Lyn Tieu, University of Toronto

Wed, 4/17 · 4:30 pm6:00 pm · 1-S-5 Green Hall

Program in Linguistics

Research in contemporary semantics has uncovered a typology of linguistic inferences, characterized by their conversational status and their behavior in complex sentences. This typology of linguistic inferences is usually thought to be specific to language and in part lexically encoded in the meanings of words. In this talk, I will present experimental evidence of implicatures, presuppositions, homogeneity inferences, and supplements, triggered variously by gestures, visual animations, sound effects, and emoji. The finding that we can replicate what are normally thought to be language-specific inferences – using non-words – raises new questions and challenges regarding the fundamental nature of linguistic inferences and how we might acquire them.

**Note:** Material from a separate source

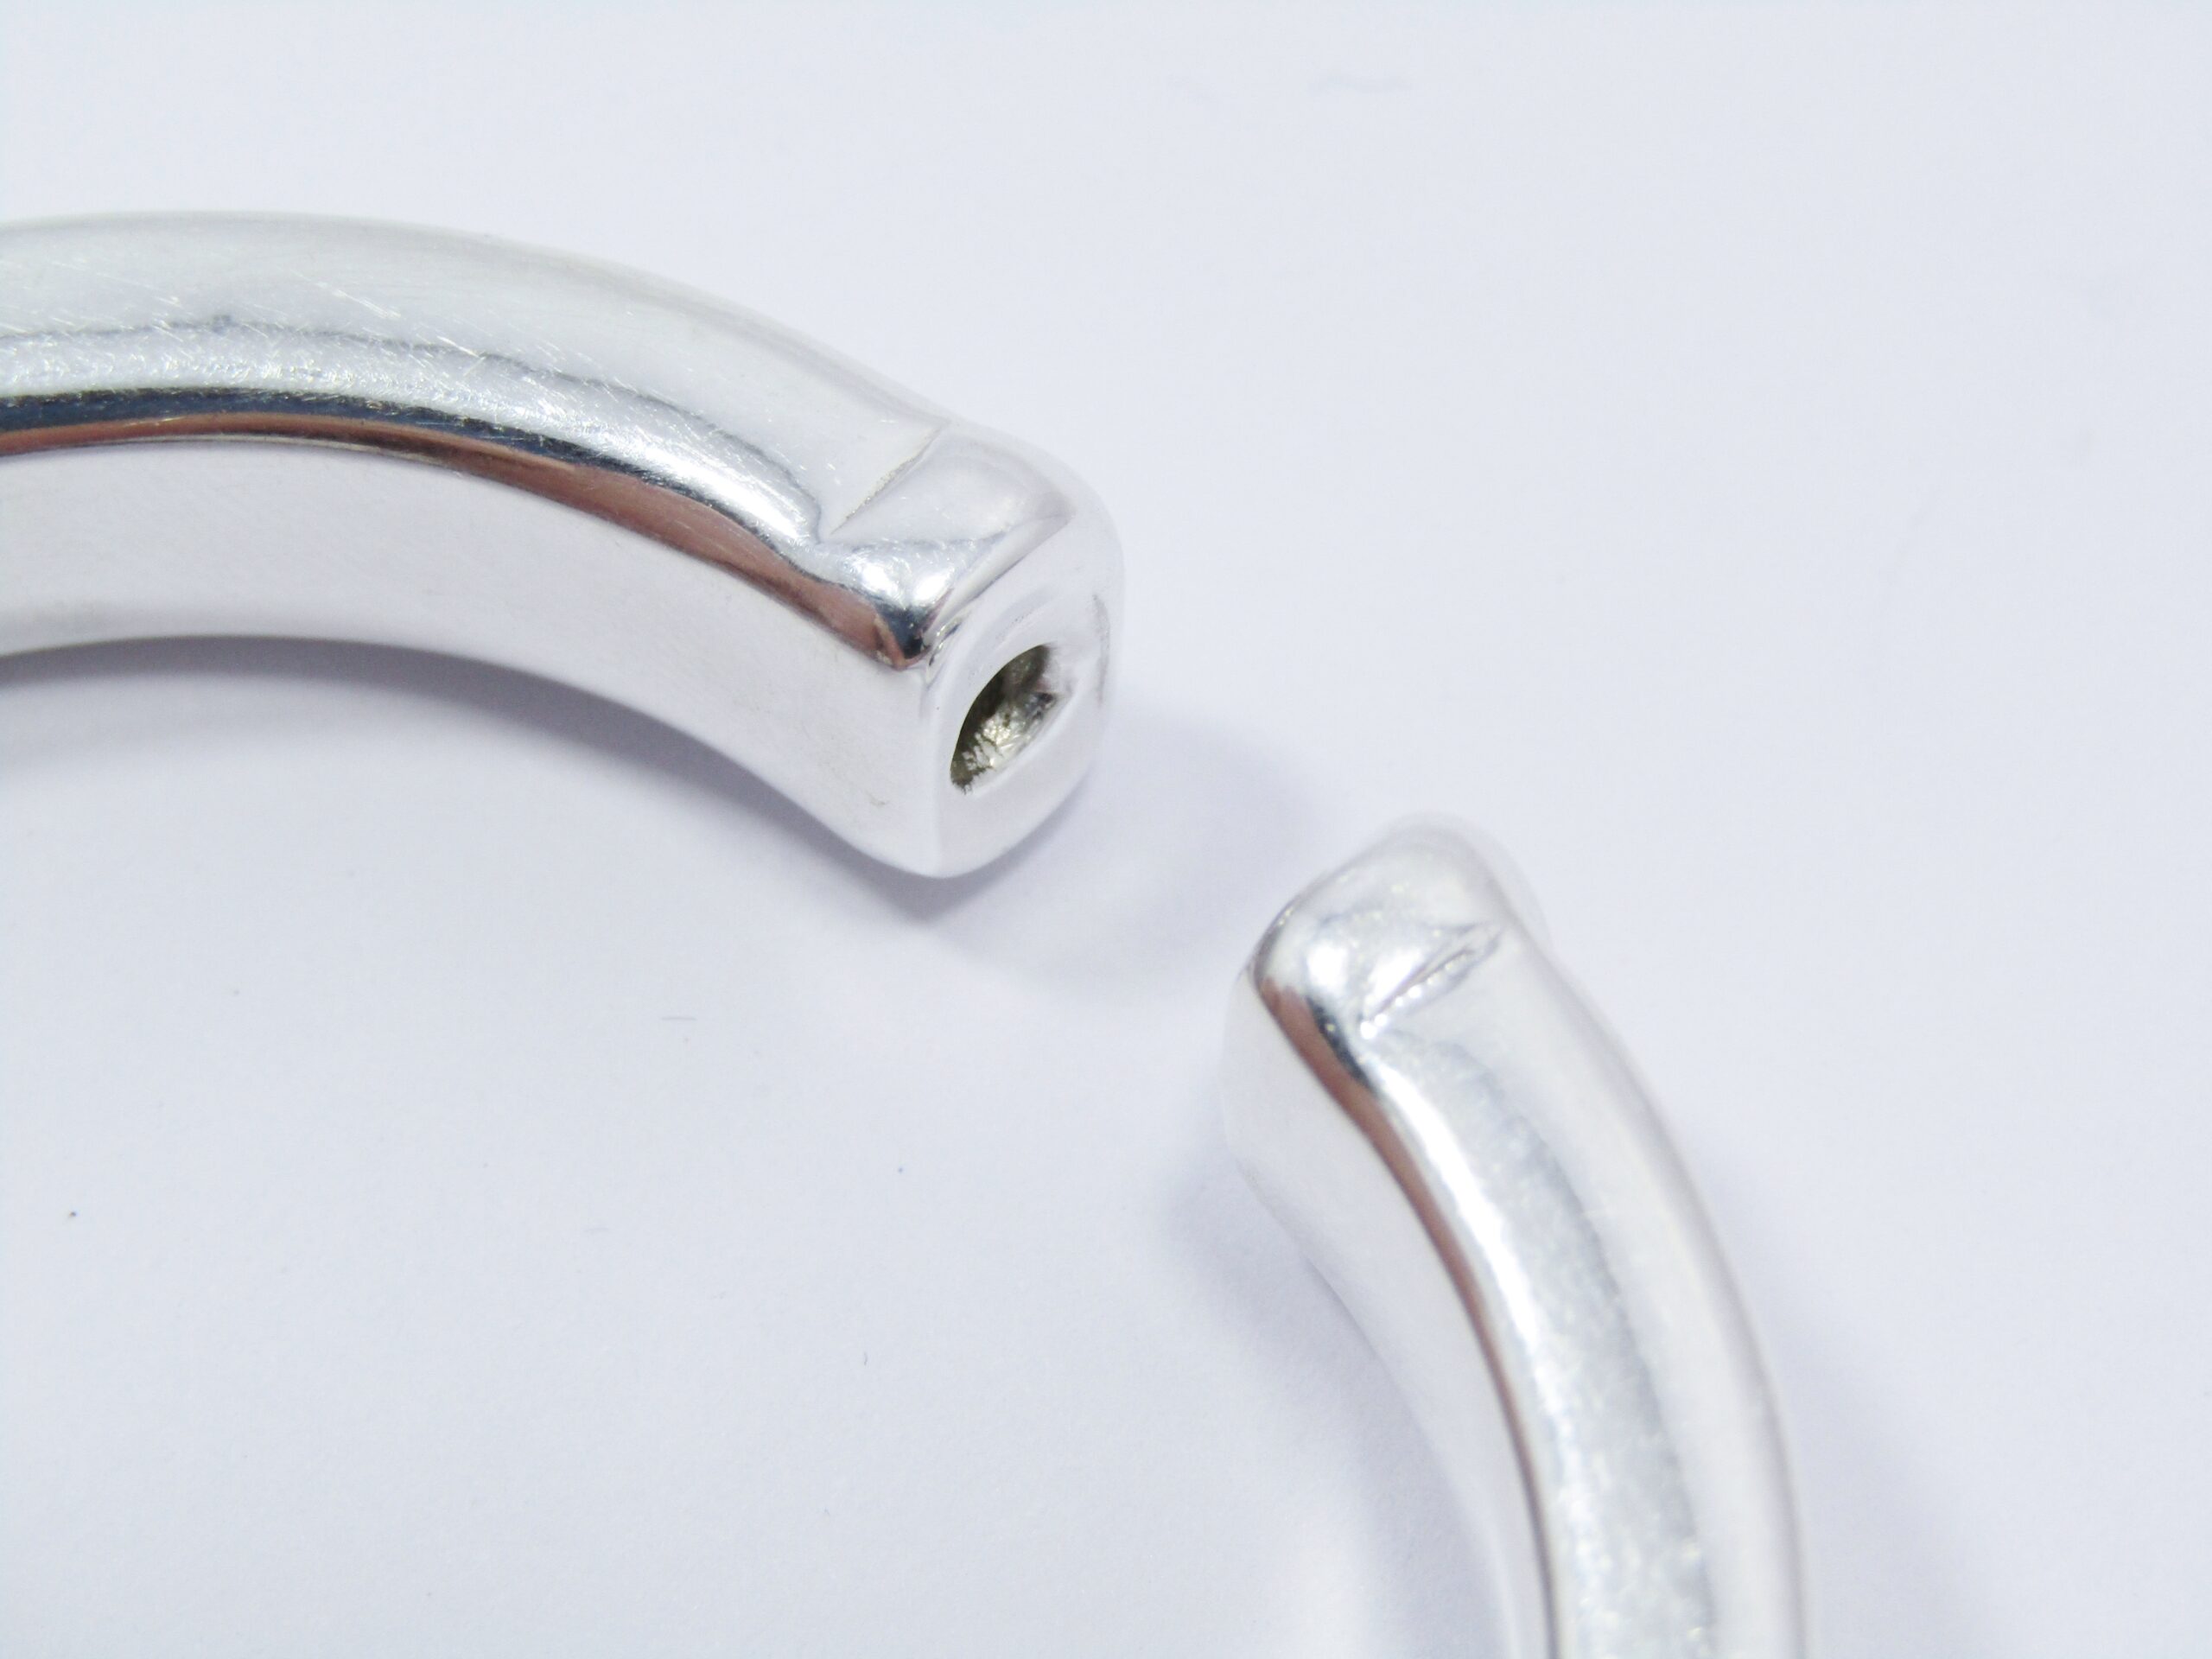 A Gorgeous Chunky Hinged Bangle in Sterling Silver

Lyn Tieu is an Assistant Professor in the Department of French at the University of Toronto. She is also an Adjunct Fellow with the MARCS Institute for Brain, Behaviour & Development at Western Sydney University and an Honorary Senior Research Fellow in the Department of Linguistics at Macquarie University. Lyn conducts research in experimental and developmental semantics and pragmatics, using experimental methods to investigate the nature of linguistic meaning and how it is acquired by young children. Lyn also currently serves as Co-Editor-in-Chief at Glossa: a journal of general linguistics.